Freeing CIOs to focus on strategic priorities amid cost pressure
Healthcare CIOs aren’t short on data, but many are struggling to use it. Fragmented systems and limited interoperability continue to consume time and attention, keeping IT teams focused on “lights on” instead forward progress.
As leaders pursue strategic initiatives like AI, advanced analytics, and smarter decision‑making, foundational issues, like how EHR work is supported, governed, and sustained, often stand in the way.
To understand how CIOs navigate this tension, Nordic analyzed a 2026 survey of healthcare CIOs and IT leaders using Epic Application Managed Services (AMS). The findings show CIOs increasingly using AMS not just to manage workload, but to reduce fragmentation, restore clarity, and create the capacity needed to focus on work that adds the highest value.
What the data shows about Epic environments today
Epic environments are becoming more complex. As work scales, the real risk isn’t just cost overruns, it’s losing visibility into how work is actually being done.
As health systems modernize their technology investments, integrate new data sources, and pursue AI, the challenge isn’t access to data. It’s keeping that data reliable, governed, and usable once systems are live.
This is where CIOs are reevaluating Application Managed Services (AMS), not as IT support coverage, but as the operating layer that protects stability, drives performance, and increases people capacity over time.
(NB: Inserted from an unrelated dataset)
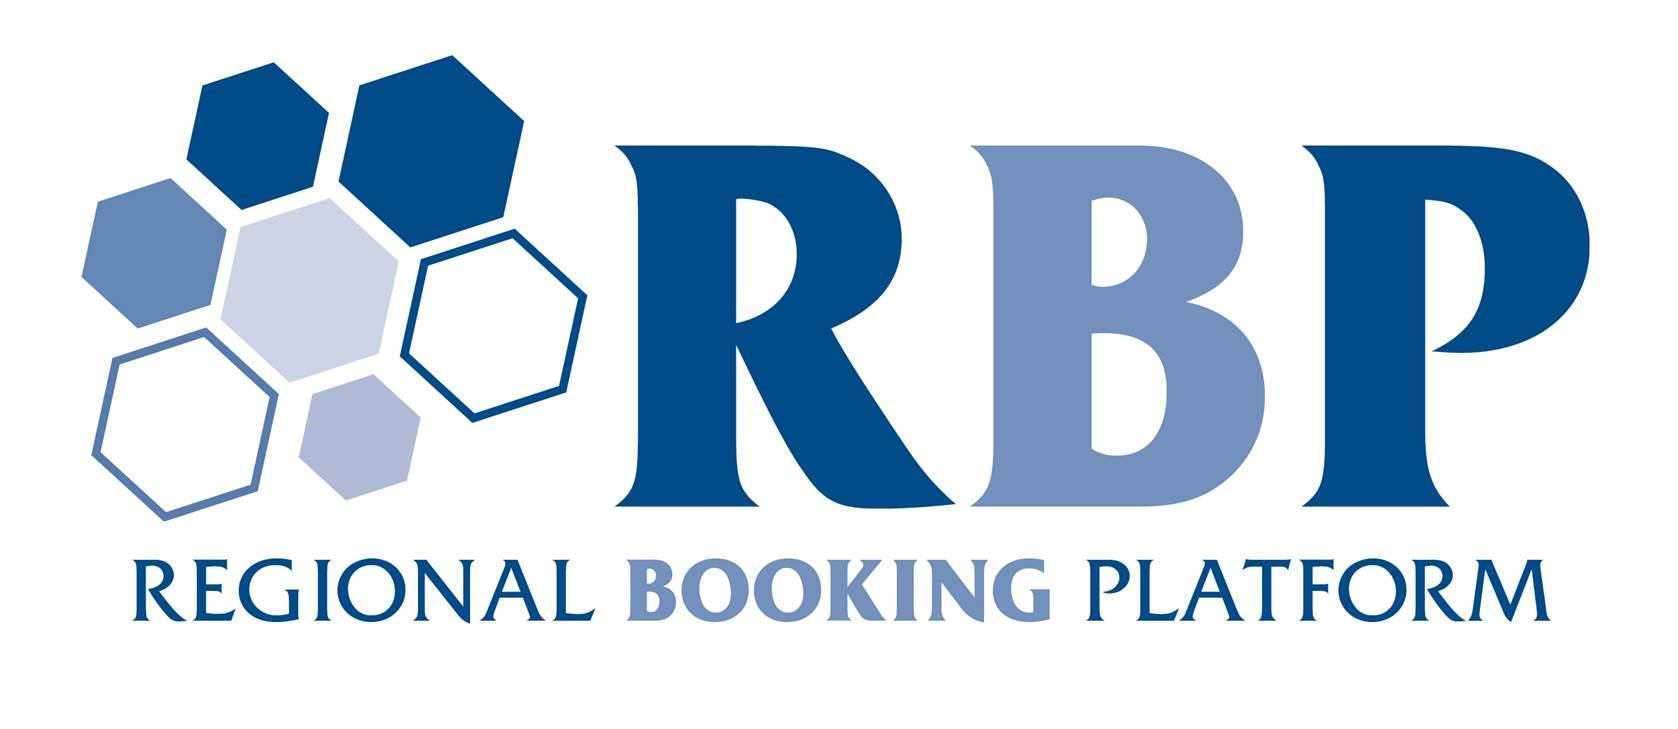 Kapacitáslekötési Platform Szabályzat A Regional Booking Platform

In fact, 61% of healthcare IT leaders say outsourced managed services are now a central part of their IT strategy rather than a supplemental one.
These insights are based on Nordic‑led research, informed by a 2026 survey of healthcare CIOs and IT leaders using Epic Application Management Services. Responses show that this pressure is already shaping strategy, with many organizations now treating managed services as a core part of how Epic work is delivered.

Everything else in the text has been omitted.